### ASSIGNMENT
Find "caroline and taylor" in the material, then return exactly the line containing it and all lines after it to the end, leaving out pictures.

#### SOURCE DATA

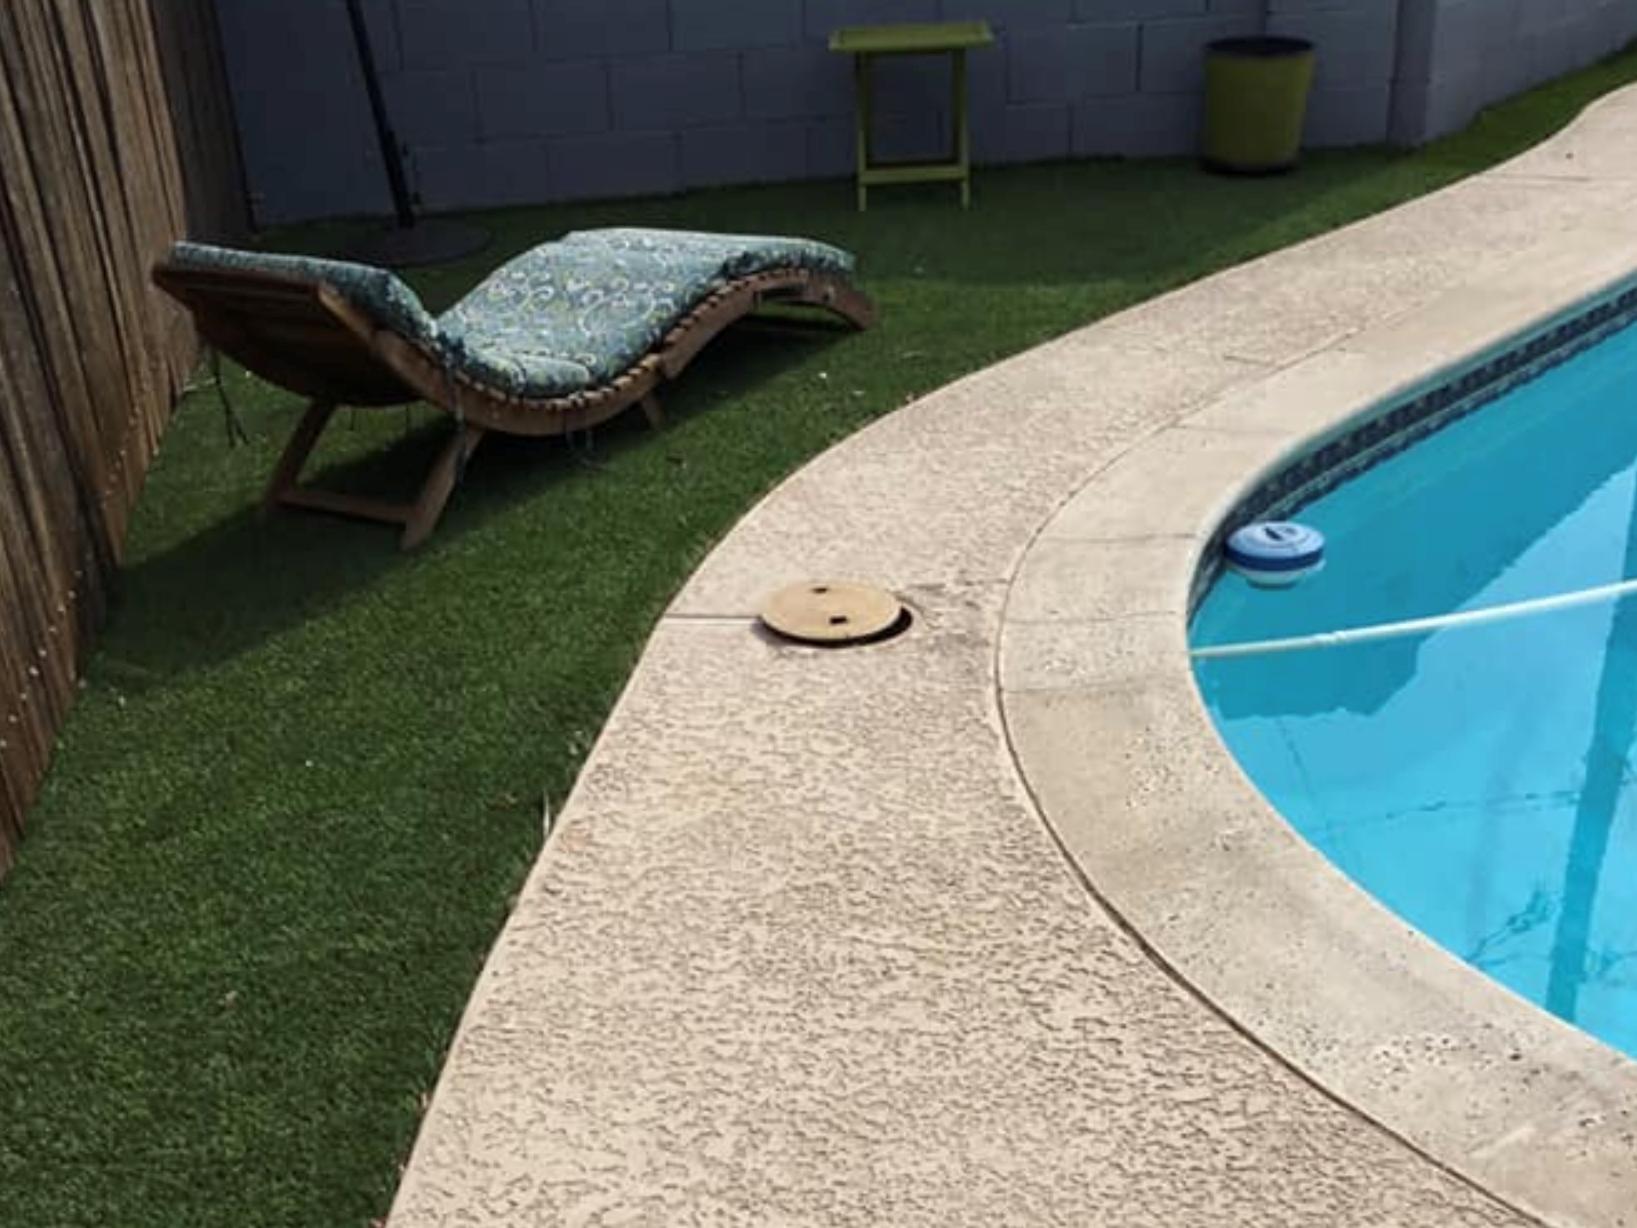 this image shows pool deck in Fullerton, California
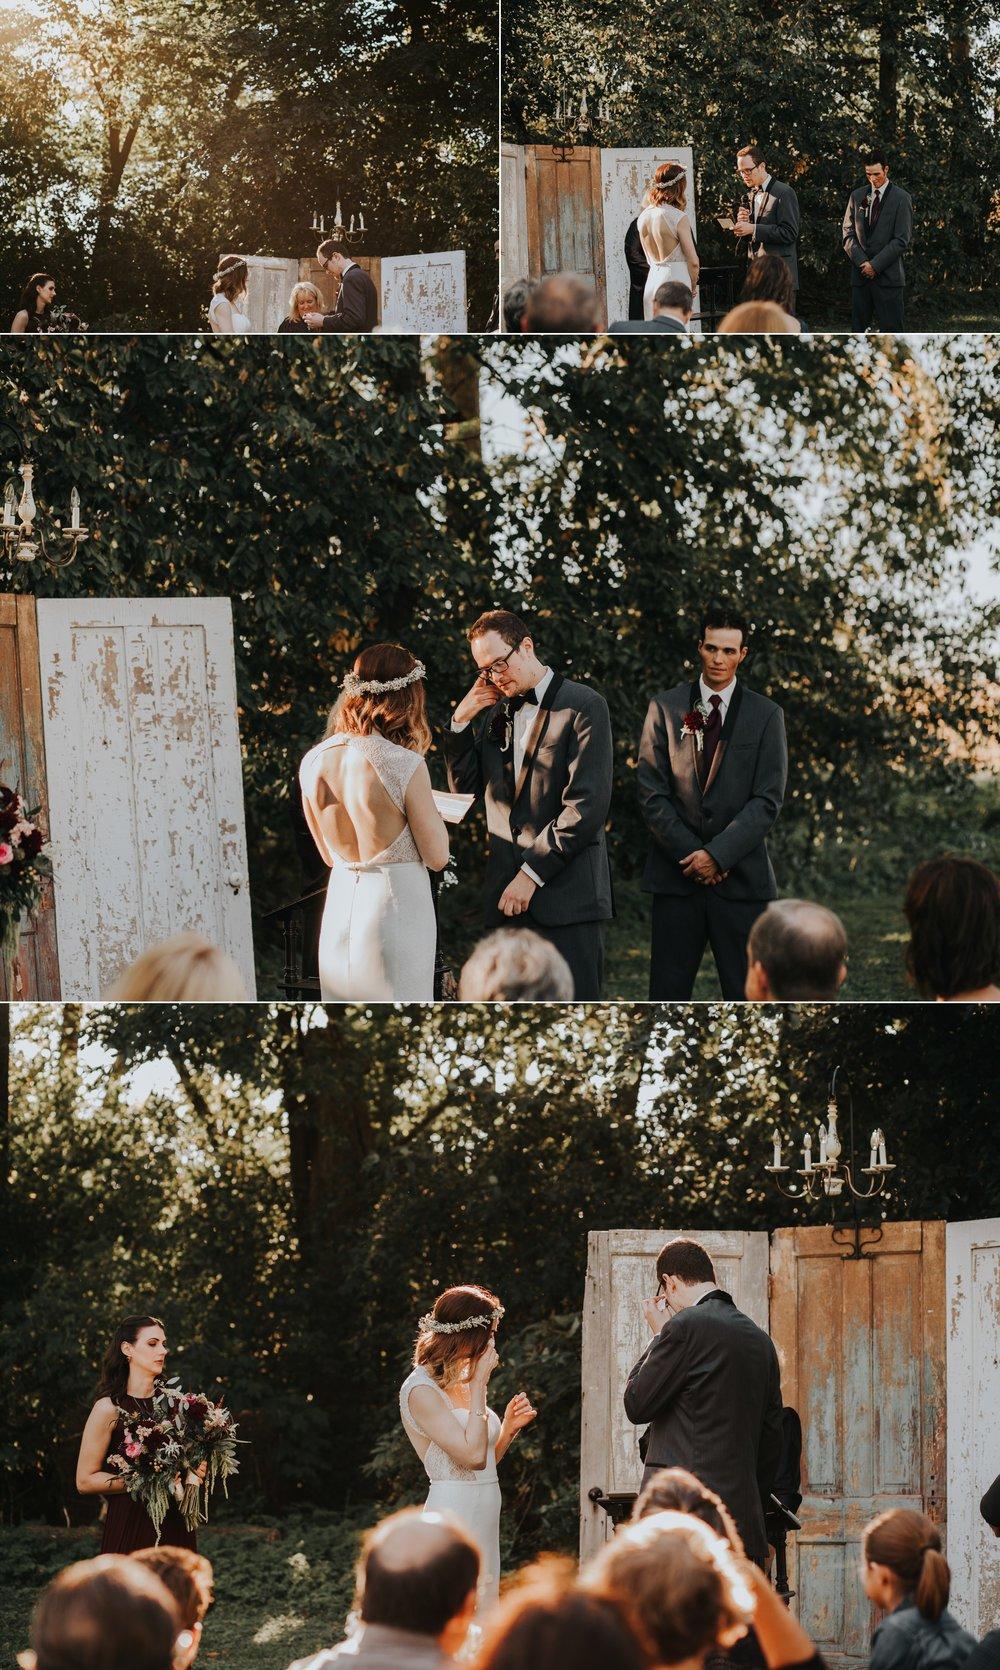 caroline and taylor minneapolis minnesota texas austin dallas houston wedding elopement destination intimate adventurous couple best photographer_0265.jpg
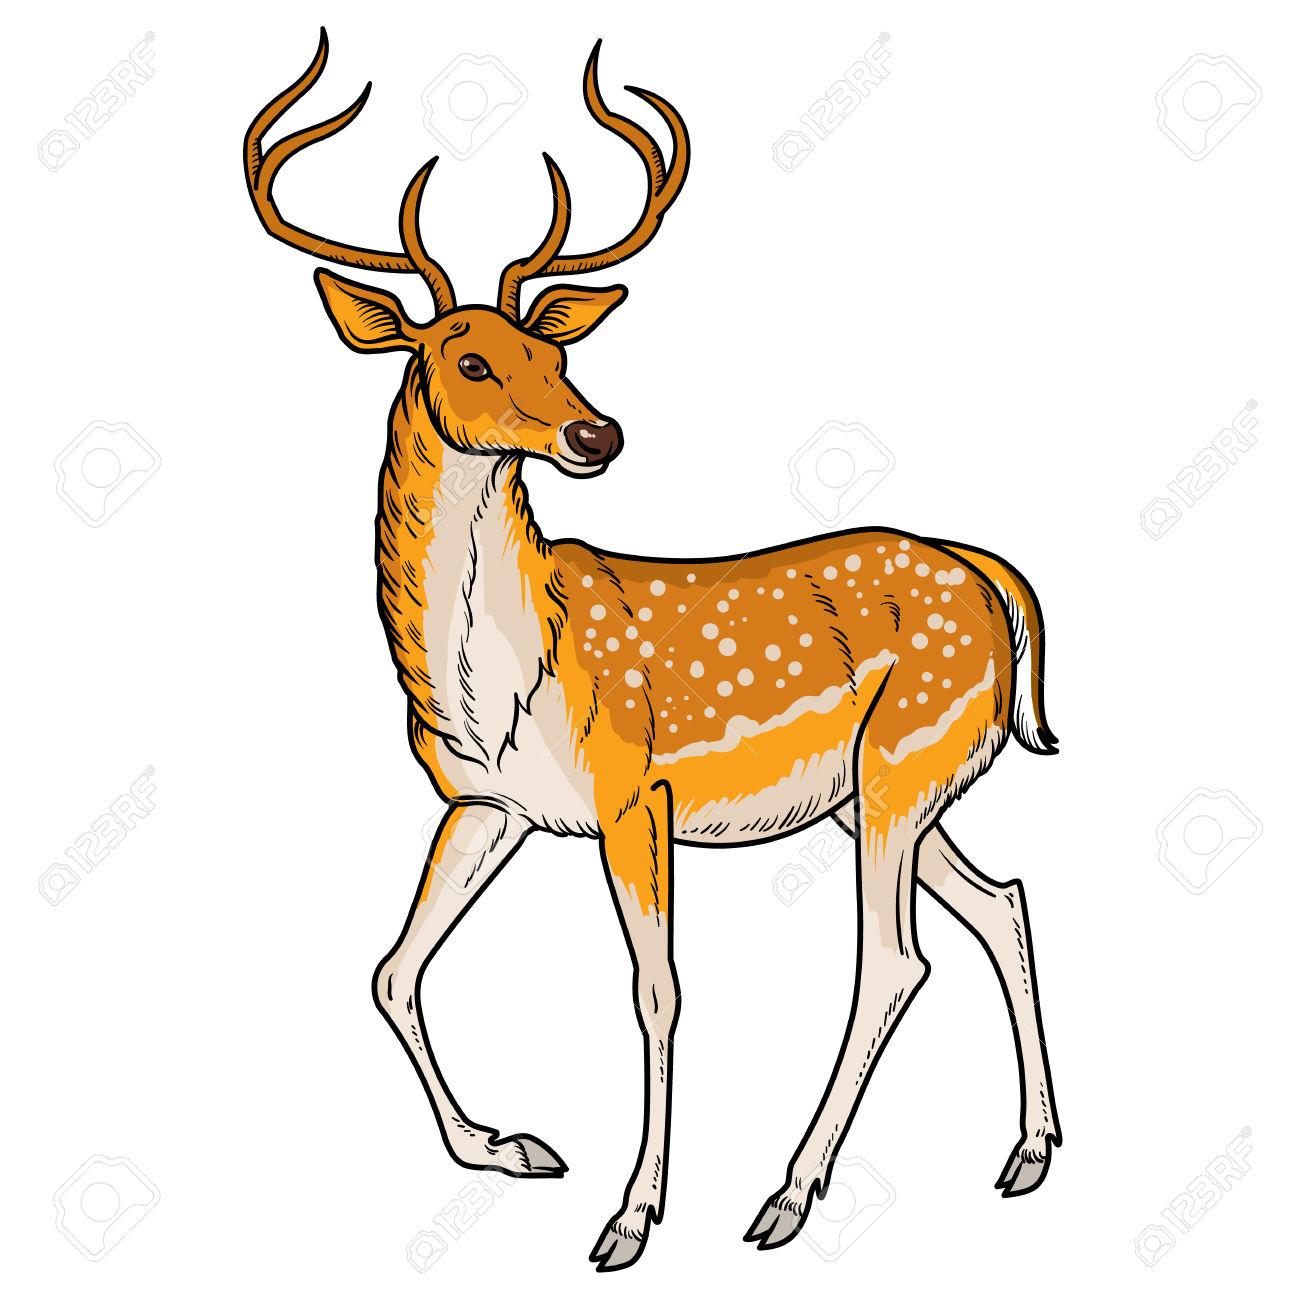 Deer clipart. Baby at getdrawings com

########

### FINISHED EXERCISE
 caroline and taylor minneapolis minnesota texas austin dallas houston wedding elopement destination intimate adventurous couple best photographer_0265.jpg
 Deer clipart. Baby at getdrawings com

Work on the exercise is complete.